Training Data: Learning from Labeled Examples
The MNIST database provides tens of thousands of handwritten digit images, each labeled with the correct digit. The network learns by adjusting parameters to perform better on these labeled examples.
Random Initialization: Starting the Learning Process
Before training begins, all 13,000 weights and biases start with randomly chosen values rather than being set to zero or any particular pattern.
Cost Function: Measuring Neural Network Performance
The cost function operates on all 13,000 weights and biases of the neural network, evaluating the network’s performance across tens of thousands of training examples from the MNIST dataset.
Valley Descent Metaphor: Visualizing Gradient Descent
The ball-rolling-down-hill metaphor provides intuitive understanding of gradient descent for learners struggling with abstract optimization concepts in high-dimensional spaces.
Local Minima: Valley Destinations in Optimization
Local minima are points in the cost function landscape where gradient descent algorithms naturally settle. They represent stable configurations where small parameter changes would increase the cost.

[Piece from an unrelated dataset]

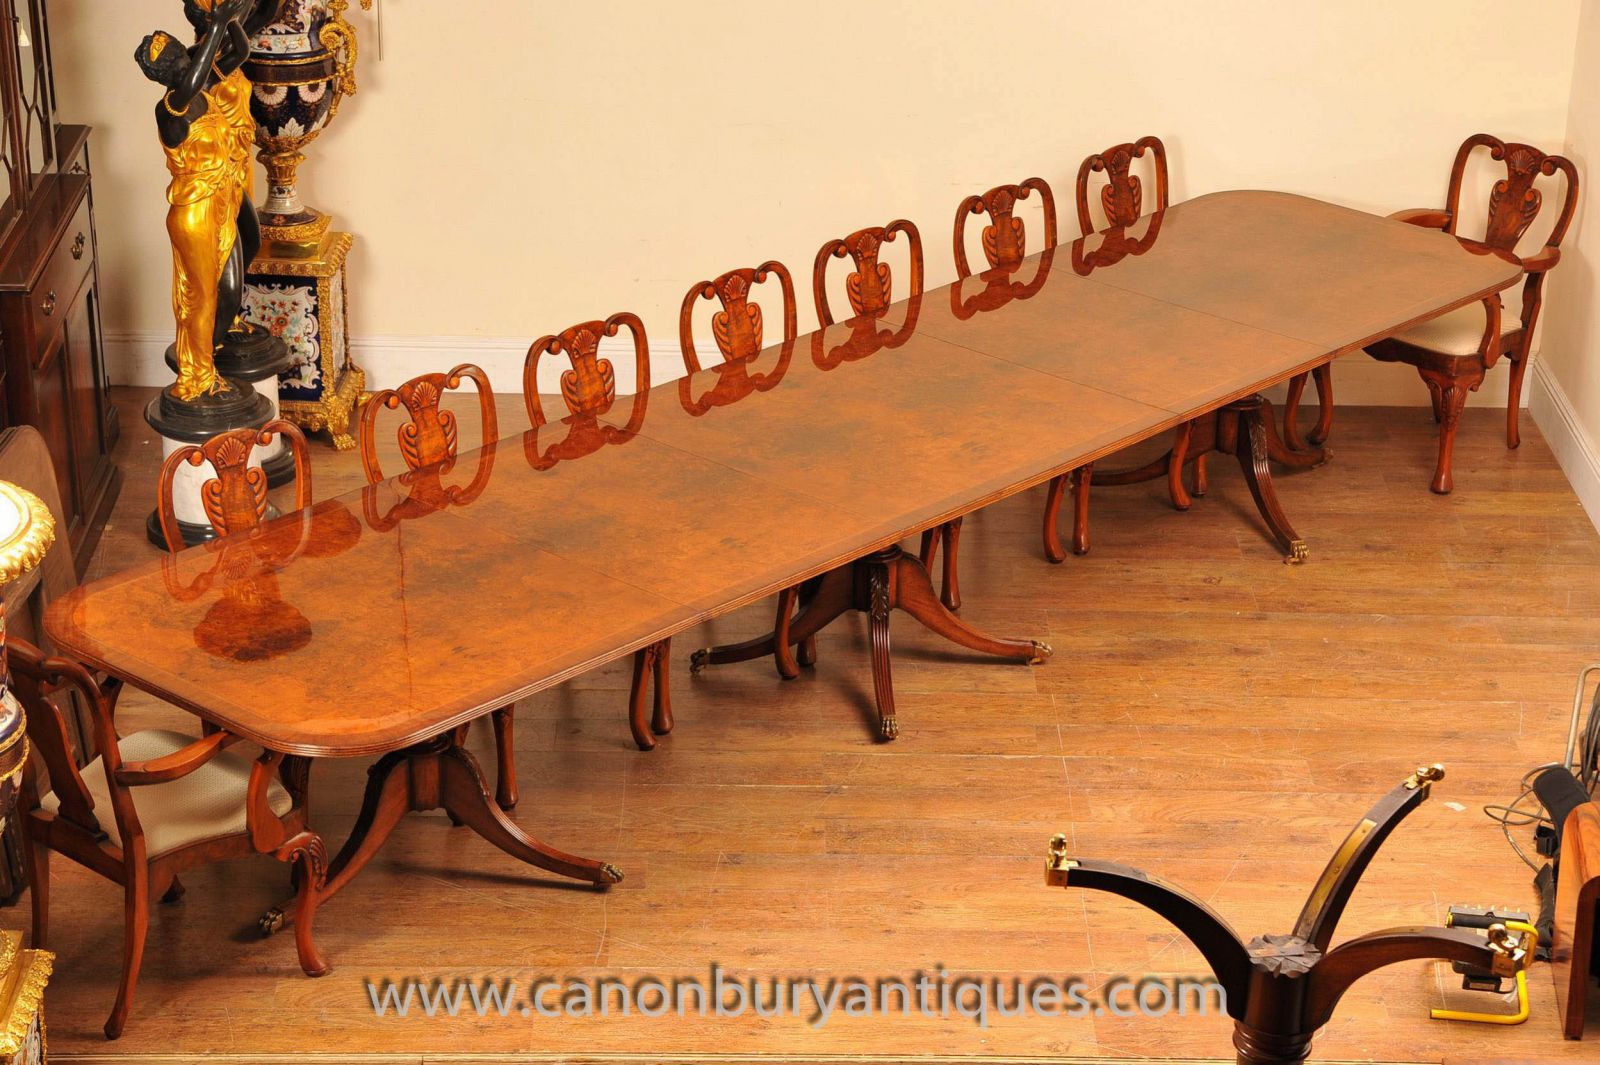 Regency table with Chippendale chairs in walnut

Learning Rate: Step Size in Gradient Descent
The learning rate is a hyperparameter chosen by the practitioner before training begins. It controls how aggressively the gradient descent algorithm updates parameters at each iteration.
Gradient Vector: Direction of Steepest Ascent
The gradient vector emerges from multivariable calculus as the fundamental tool for understanding how functions change across multiple dimensions. It applies to cost functions with two inputs, 13,000 inputs, or any number of variables.

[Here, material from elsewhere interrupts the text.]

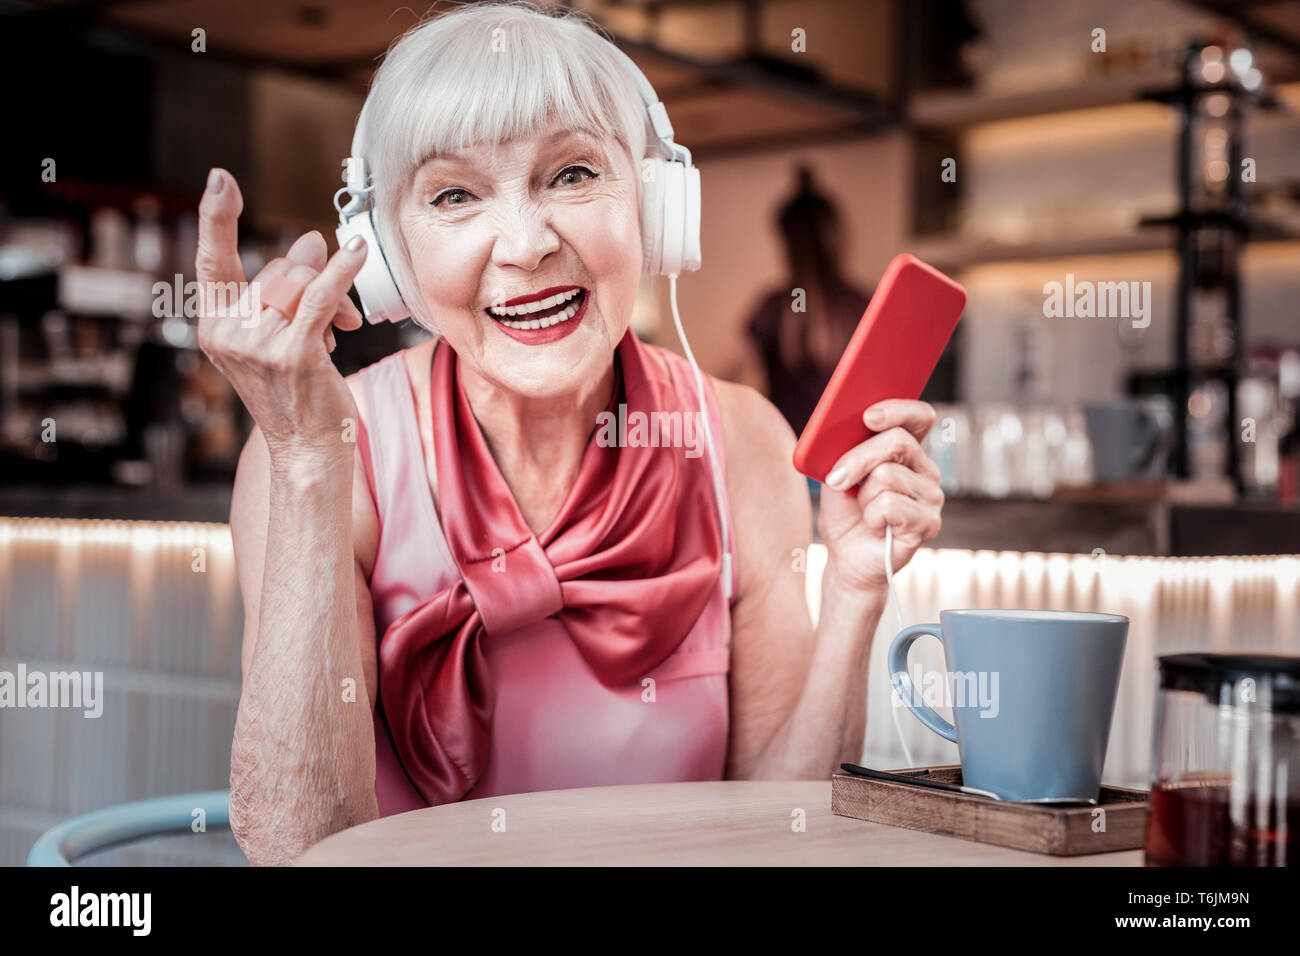 Amused short-haired old woman wearing bright silk top Stock Photo

High-Dimensional Optimization: Beyond Visual Intuition
Neural network optimization operates in spaces with thousands or millions of dimensions, one for each weight and bias parameter that must be adjusted during training.
Backpropagation: Efficient Gradient Computation
Backpropagation is the algorithm that efficiently computes gradients for neural networks, making gradient descent practically feasible. It represents the computational heart of how neural networks learn.
Gradient Descent: Minimizing Functions Through Iterative Steps
Gradient descent is the fundamental algorithm used by neural networks and many machine learning systems to find optimal parameter values. It operates on cost functions with any number of inputs, from simple single-variable functions to the 13,000-dimensional parameter space of neural networks.
Smooth Cost Function: Why Neural Networks Use Continuous Activations
The requirement for a smooth, differentiable cost function drives fundamental design choices in artificial neural networks, particularly the use of continuous activation functions.
Convergence: Reaching Stable Network Performance
Convergence represents the endpoint of the training process when the network has learned as much as it can from the available data and further iterations yield diminishing returns.
Parameter Importance: Gradient Components as Relative Impact
The gradient vector encodes information about which of the 13,000 network parameters matter most for reducing the cost function at the current training state.
Parameter Adjustment: Nudging Weights and Biases
During each training iteration, all 13,000 weights and biases receive small adjustments based on their gradient components, simultaneously updating the entire network configuration.